Japan has made big strides toward stabilizing its tsunami-crippled nuclear plant, but is now facing another crisis — what to do with all the radioactive waste the disaster created.
Goshi Hosono, the country’s nuclear crisis minister, said on Friday that Japan has yet to come up with a comprehensive plan for how to dispose of the irradiated waste that has been accumulating since the March 11 earthquake and tsunami.
Hosono gave the assessment after the government announced a ¥900 billion (US$11.5 billion) allocation to help the cash-strapped plant operator cover the massive cost of recovery without collapsing. Officials have rejected criticism that the allocation is a bail-out, stressing that the money comes from a joint fund of plant operators, with a government contribution in zero-interest bonds that must be paid back.
The disaster, which killed nearly 20,000 people along Japan’s northeastern coastline, touched off the world’s worst nuclear accident since Chernobyl, generating meltdowns, fires and radiation leaks at the Fukushima Dai-ichi nuclear power station northeast of Tokyo.
Officials say that, almost eight months later, the plant has been restored to a relatively stable condition and is leaking far less radiation than it did in the early days of crisis. They hope to achieve a “cold shutdown” — with each reactor’s temperature below 100oC) — by the end of the year.

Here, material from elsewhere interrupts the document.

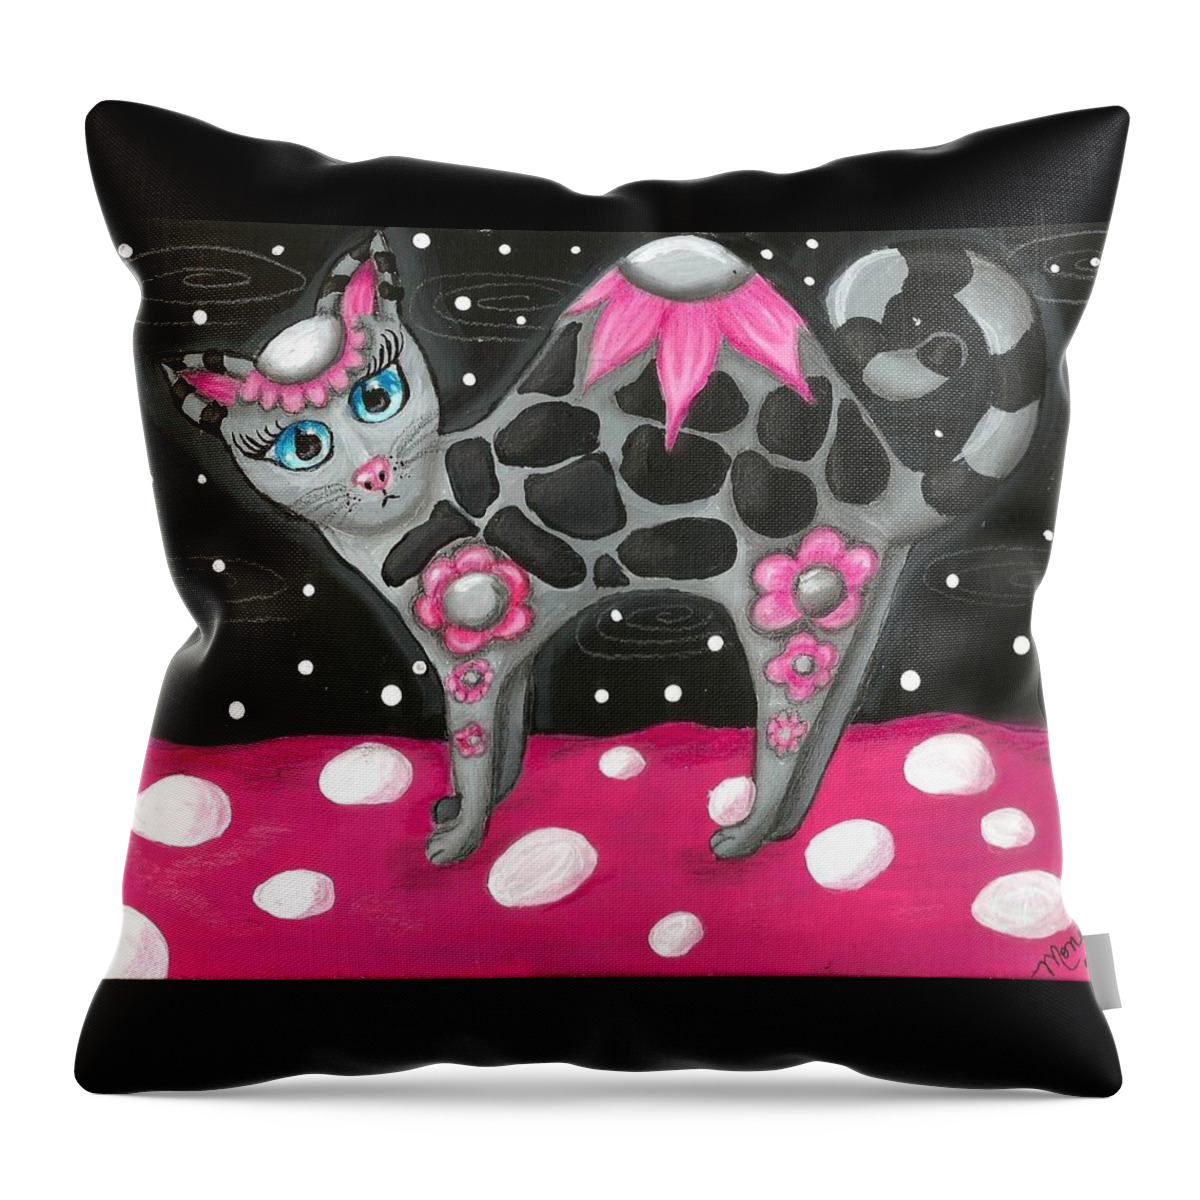 Pink Black Whimsical Kitty Cat Polka Dot Grey Blue Eyes Painting Colorful Vibrant Fun Throw Pillow featuring the painting Whimsical Black Pink Floral Kitty Cat by Monica Resinger

However, Hosono, in a response to a question from The Associated Press, acknowledged on Friday that the crisis has spawned a huge amount of irradiated waste that will require new technology and creative methods to dispose of safely.
“We still don’t have a full picture of how to deal with the waste,” he said. “It would require research and development that may take years. For instance, we still need to develop technology to compress the volume of the huge amounts of waste that we cannot move around.”
Japan could be stuck with up to 45 million cubic meters of radioactive waste in Fukushima and several nearby prefectures, according to the environment ministry.
Hosono said Japan is not considering shipping out the waste for overseas processing.
The total amount of radiation released from the plant is still unknown and the impact of chronic low-dose radiation exposures in and around Fukushima is a matter of scientific debate. More than 80,000 people evacuated from their homes, and a 20km no-go zone is still enforced around the plant.
Cleaning up the area and compensating residents is expected to cost trillions of yen. Hot spots of highly localized radiation have been reported hundreds of kilometers away. Hosono said a task force has been set up to investigate them.
The ¥900 billion fund payout announced on Friday for Tokyo Electric Power Co is meant to help the operator meet its responsibilities without going bankrupt.